The Greek word ‘parakletos’ is translated ‘Advocate’ in our Gospel
reading. The image comes from the law court and suggests someone
who is on our side. The word can also mean ‘helper,’ ‘comforter’,
‘teacher’ (John 14: 16, 26). One who is alongside to encourage us, to
remind us of what we have learned about God. To remind us of Jesus’
words. To give us peace when we are feeling troubled. To bring a
sudden insight, or an answer to prayer. Perhaps you have had the
experience of a quiet thought or idea that seems to come from outside of
you. It persists, and it leads you to something new. Listen to these
words from John V Taylor
“My own attempt to understand the Holy Spirit has convinced me He is
active in precisely those experiences that are very common –
experiences of recognition, sudden insight, an influx of awareness when
you wake up and become alive to something. It may be another person,
or a scientific problem, and suddenly the penny drops. Every time a
human being cries ‘Ah! I see it now!’ that’s what I mean by the Holy
Spirit.”1
The Holy Spirit is also, in the most profound sense, the spirit of
revelation. He helps us in many ways by communicating God’s
presence and message to us. Most fundamentally, it’s only through the
work of the Holy Spirit in us that we are able to recognise Jesus for who
He is. We don’t arrive at faith in our own strength, but because God,
through the Holy Spirit, reveals Himself to us.

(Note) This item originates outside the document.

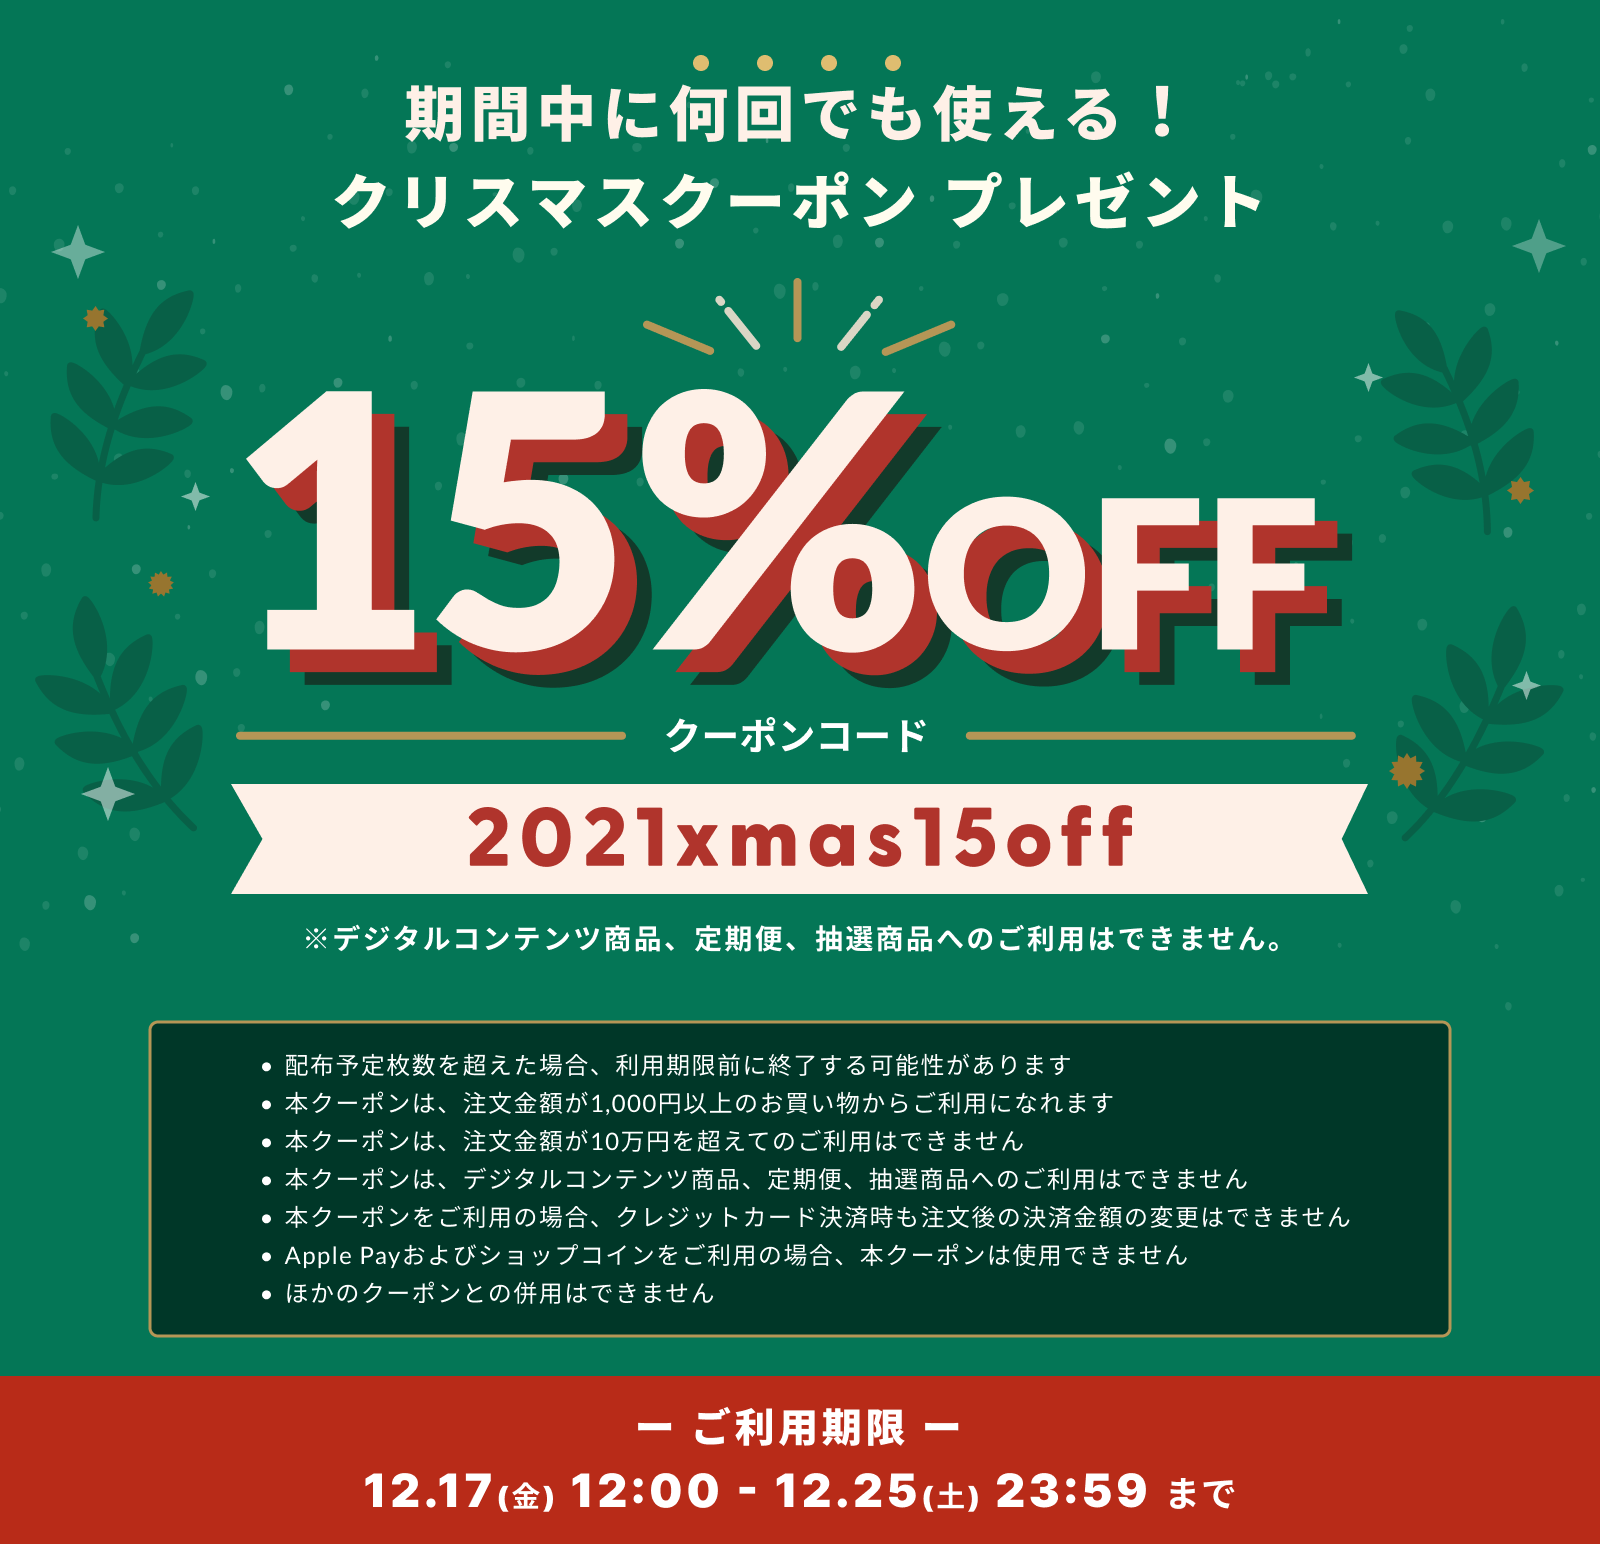 Xmas coupon 12/17-12/19 only 3 days open

The apostle Paul says
that we are only able to say ‘Jesus is Lord’, and mean it, because the
Holy Spirit has made this possible. (1 Corinthians 12: 3). It’s the Holy
Spirit who makes our faith real. And it’s the Holy Spirit who makes
prayer possible, sometimes praying in us and for us, as Paul puts it,
“with sighs too deep for words” (Romans 8: 26) when we don’t know
what to pray ourselves.

1
John V Taylor, from the Canterbury Book of Spiritual Quotations, p 175

2
As we heard in our second reading, Paul uses a vivid picture for all of
this when He calls the Holy Spirit the ‘Spirit of adoption’ (Romans 8:15).
Through the Holy Spirit, we’re able to call God ‘Father’ – or ‘Daddy’ – as
Jesus did. We know deep down, at a level that is deeper than emotion,
that we are children of God. As Frances van Alstyne wrote in her hymn:
“Blessed assurance, Jesus is mine:
O what a foretaste of glory divine!
Heir of salvation, purchase of God;
Born of His Spirit, washed in His blood.”

We can never understand the Holy Spirit, any more than we can
understand God, but we can perhaps notice and be thankful for the ways
in which the Holy Spirit guides us, helps us, comforts us and makes us
aware of God’s presence in our lives.